__Exercise data__.
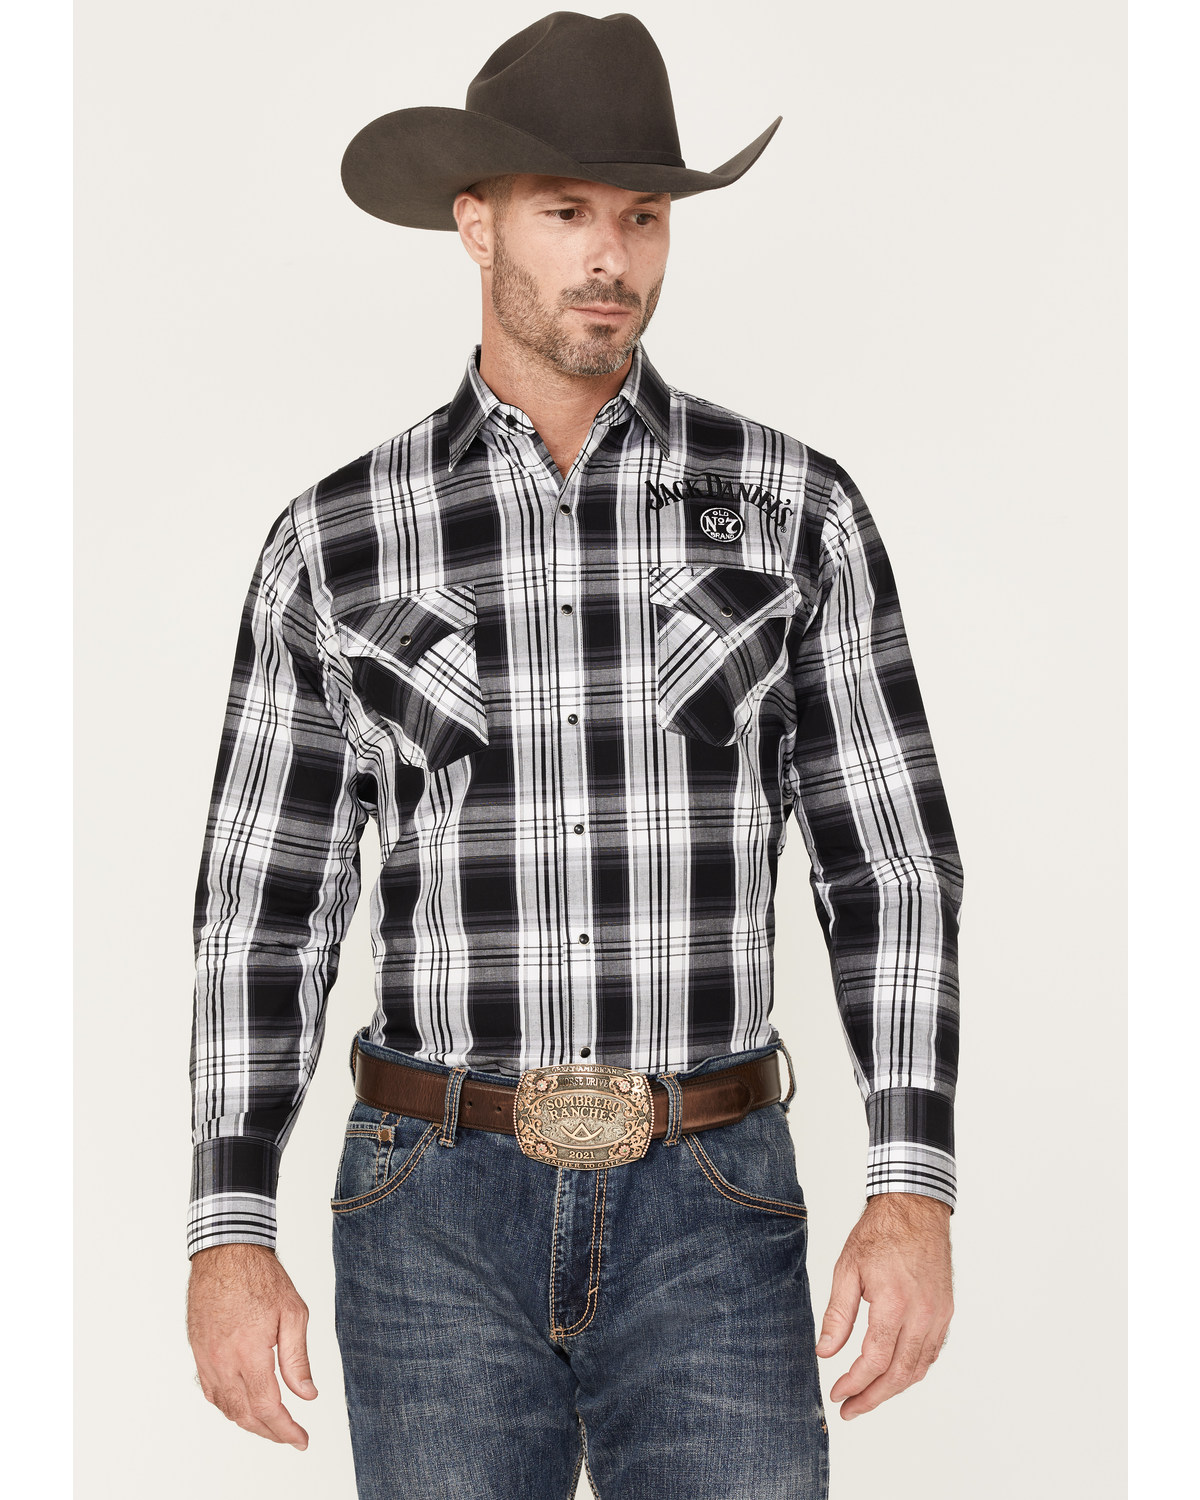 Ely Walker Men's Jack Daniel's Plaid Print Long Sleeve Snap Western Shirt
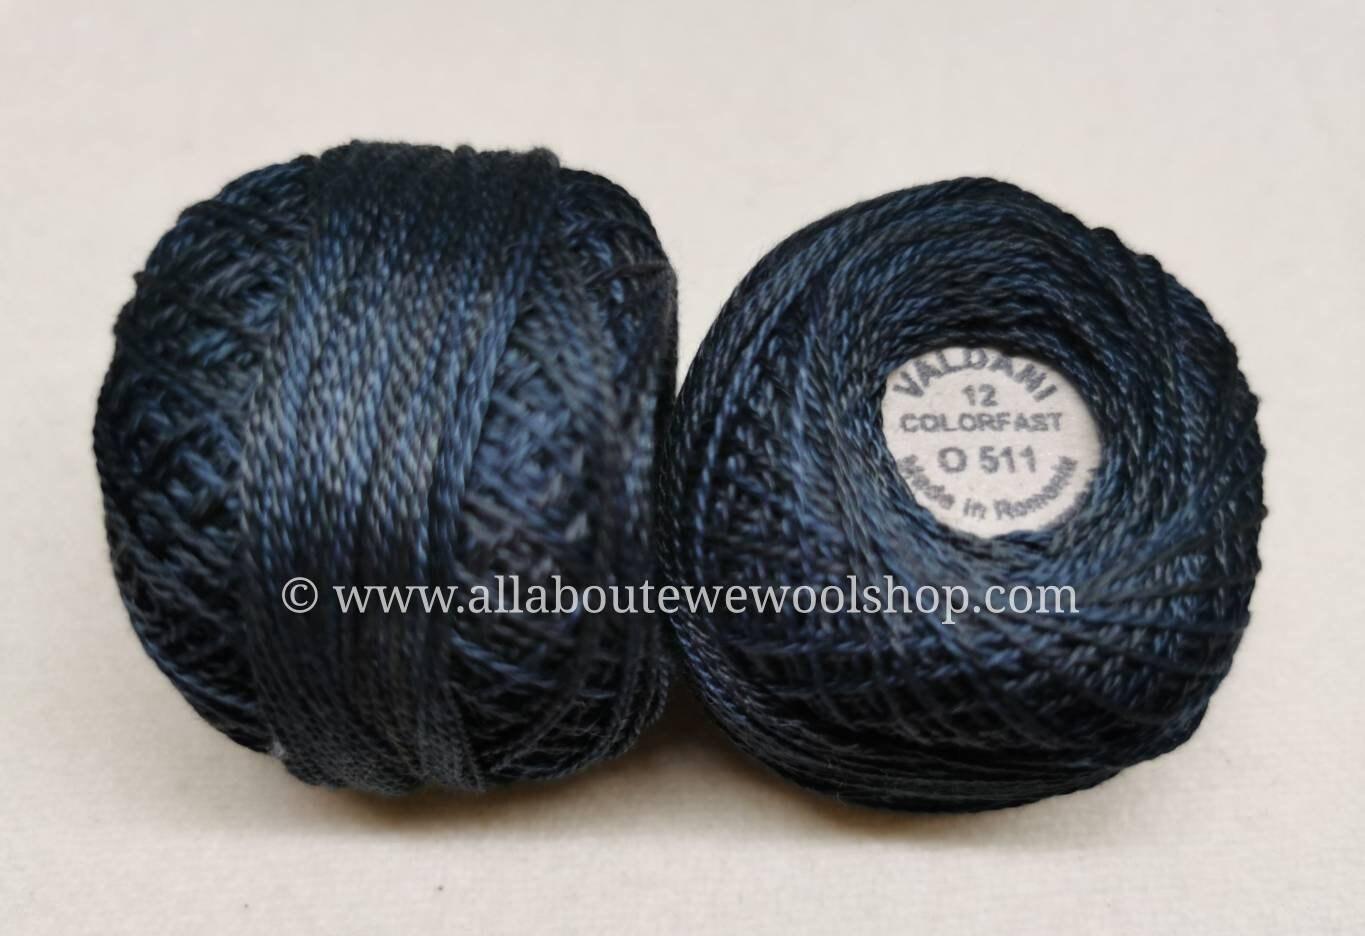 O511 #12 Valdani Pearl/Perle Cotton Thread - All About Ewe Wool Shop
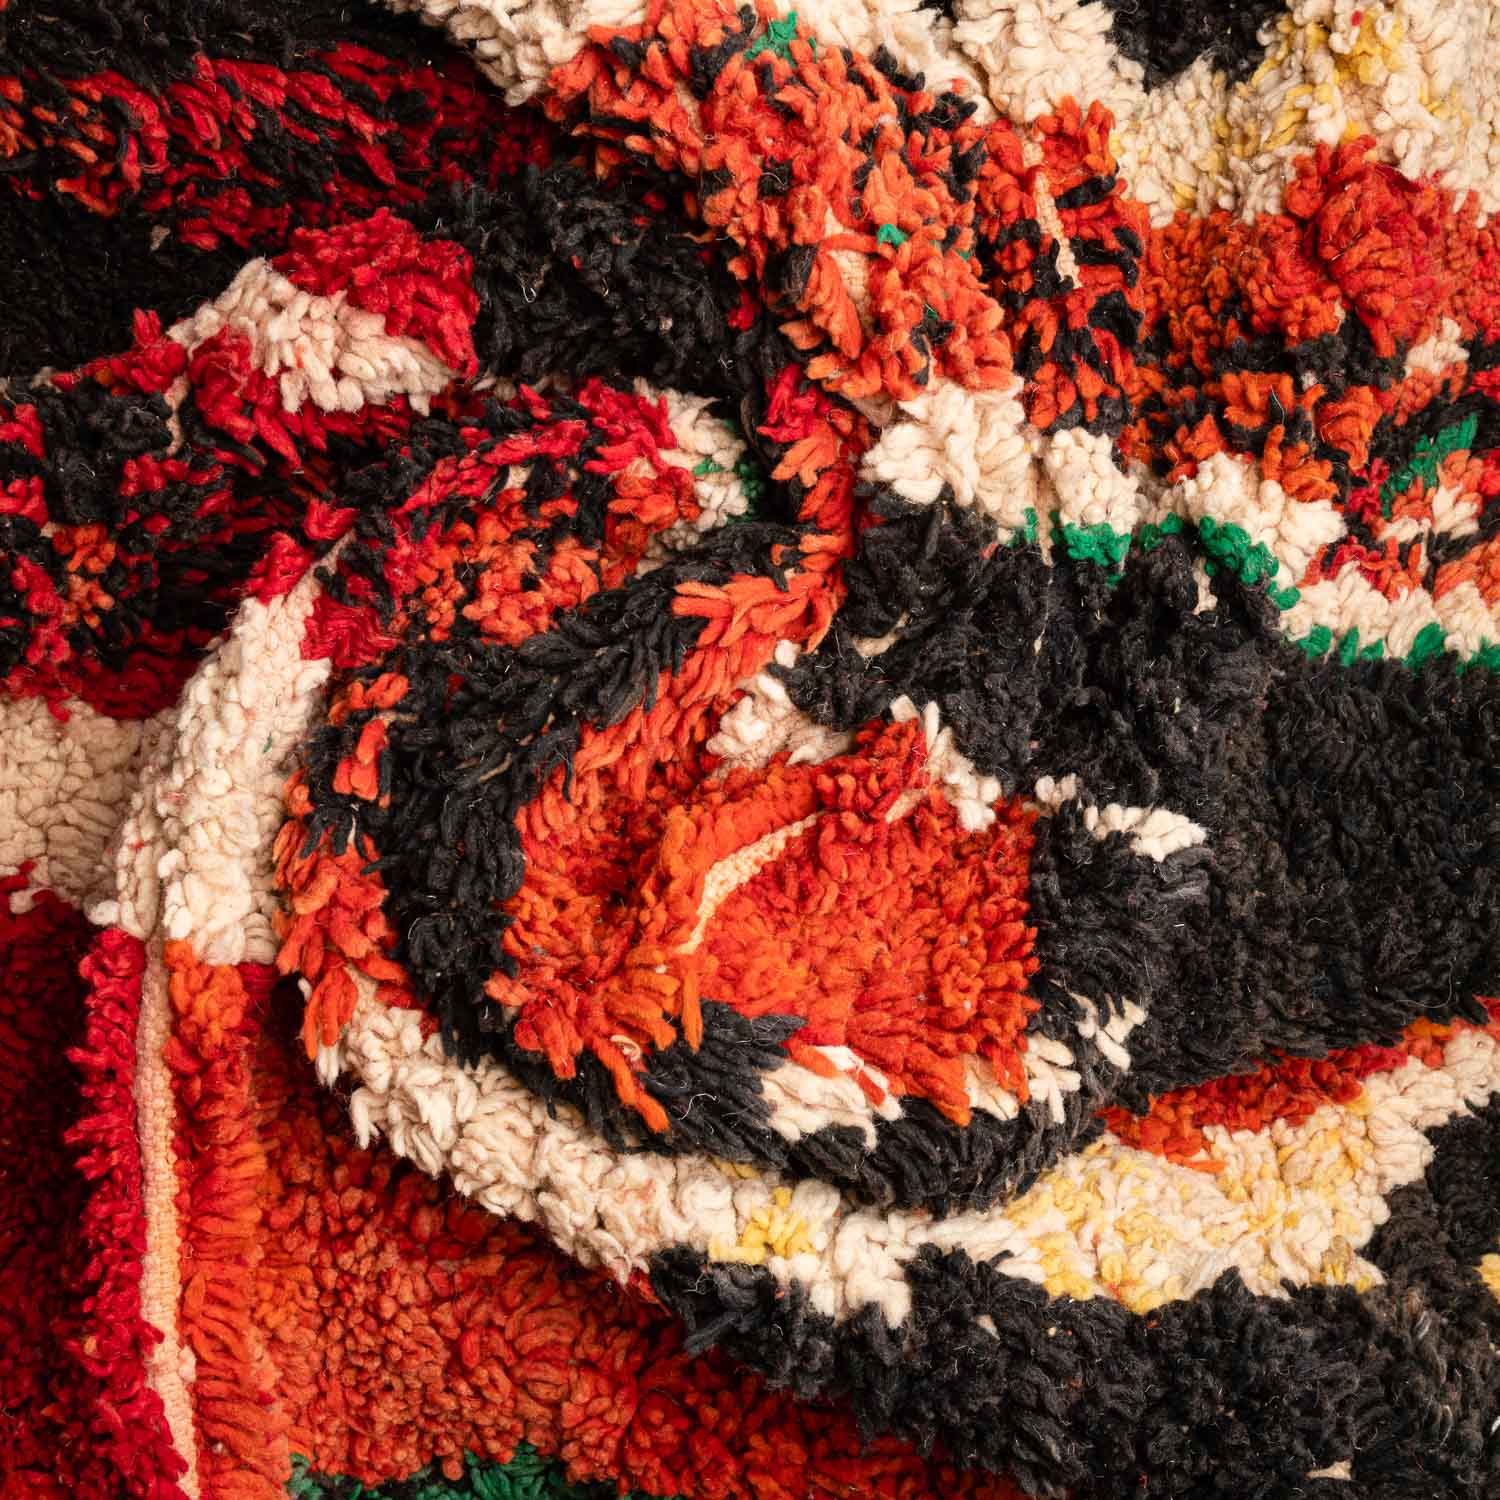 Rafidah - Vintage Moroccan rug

__Your assignment__. Any picture in the data is to be skipped, while each line is returned exactly as written.

__Task answer__.
 Ely Walker Men's Jack Daniel's Plaid Print Long Sleeve Snap Western Shirt
 O511 #12 Valdani Pearl/Perle Cotton Thread - All About Ewe Wool Shop
 Rafidah - Vintage Moroccan rug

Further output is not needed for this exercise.